Moi, je n’ai pas au cœur d’amour qui me réconforte. J’avais ce matin une telle angoisse que j’ai été mettre une rose sur le tombeau de sainte Geneviève. Voilà le seul « piston » que je puisse avoir, encore ne suis-je pas bien sûre que le fameux proverbe dise vrai : le Ciel est si loin à présent.
— Oui, Marguerite, tu seras reçue ; tu dois être reçue, parce que tu le mérites. Aucune de ces jeunes filles n’a travaillé plus que toi, et aucune d’elles n’a ton âme belle et pure. Ta prière à sainte Geneviève me rappelle ce pauvre innocent de chez nous, qui ramassait les roses à la procession, pour les offrir, agenouillé, à la femme la plus belle. Je ne sais pas ce qu’il espérait, mais la Dame du Paradis sait bien ce que demandait ta rose. Je t’assure qu’elle t’exaucera.
— Si tu disais vrai… Et Marguerite encore plus émue serra tendrement la main de son amie. — Je rêve d’une vie si chaste, si laborieuse ! Savoir, comprendre, aimer toutes les merveilles que je devine autour de moi… Être à Sèvres ! comme ce mot rayonne dans l’avenir ; toute petite, déjà j’aimais l’École ; il me semble à présent que je suis sur une barque, que les voiles se tendent, se gonflent. Enfin, elle va prendre le vent… — et murmurant pour elle-même, — voilà le soleil…
A l’horloge, huit heures sonnent ; vite les deux jeunes filles s’embrassent. Les portes s’ouvrent, un huissier commence l’appel. C’est une scène indescriptible ; les mères gémissent, les aspirantes s’affolent, quelques-unes défaillent. Les hommes agitent violemment leurs chapeaux.

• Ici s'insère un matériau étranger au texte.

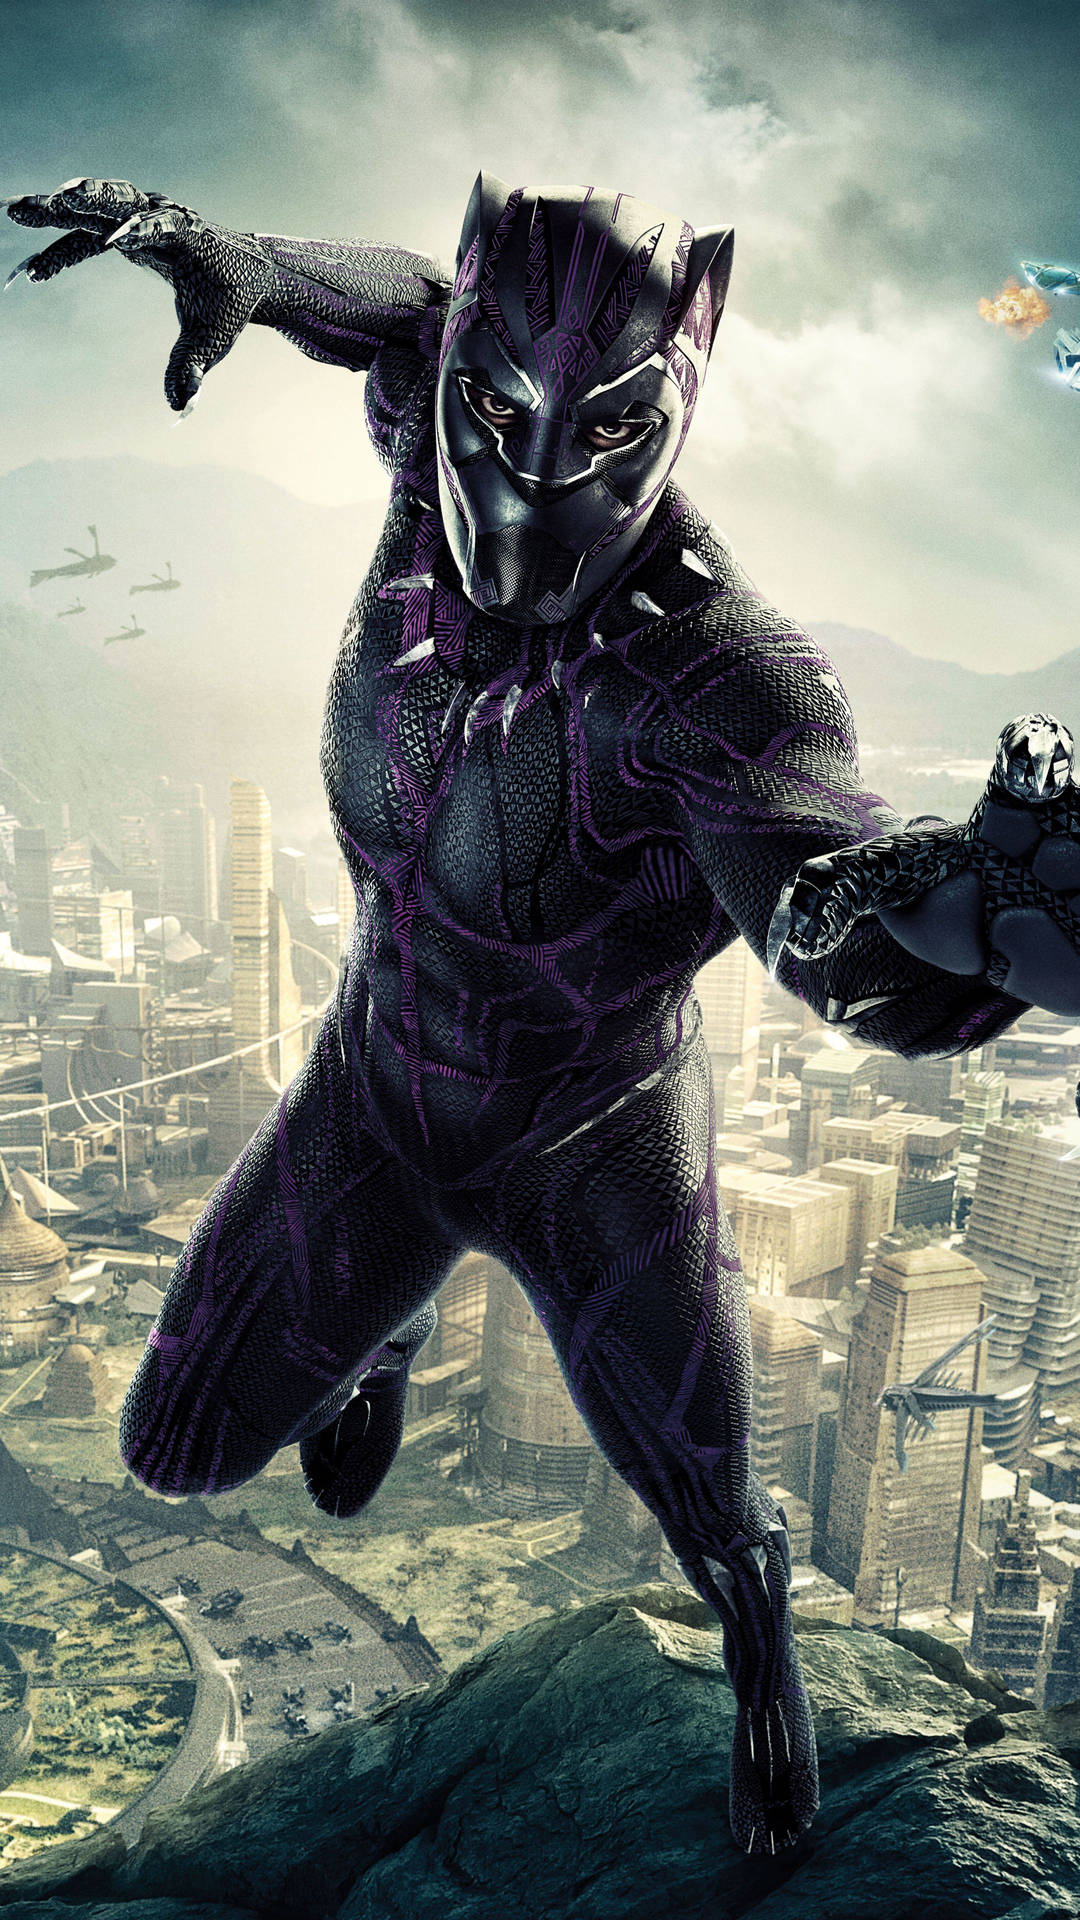 Black Panther is ready to take on the world. Wallpaper

Mesdemoiselles A, B, C, D, etc…
Présent, présent, présent… autant de mots, autant d’intonations différentes. Les aspirantes disparaissent une à une, s’engouffrent dans le vieil escalier de bois. On entend de moins en moins les mères, les sœurs, qui de la cour crient encore :
— Adèle, as-tu ta mélisse ?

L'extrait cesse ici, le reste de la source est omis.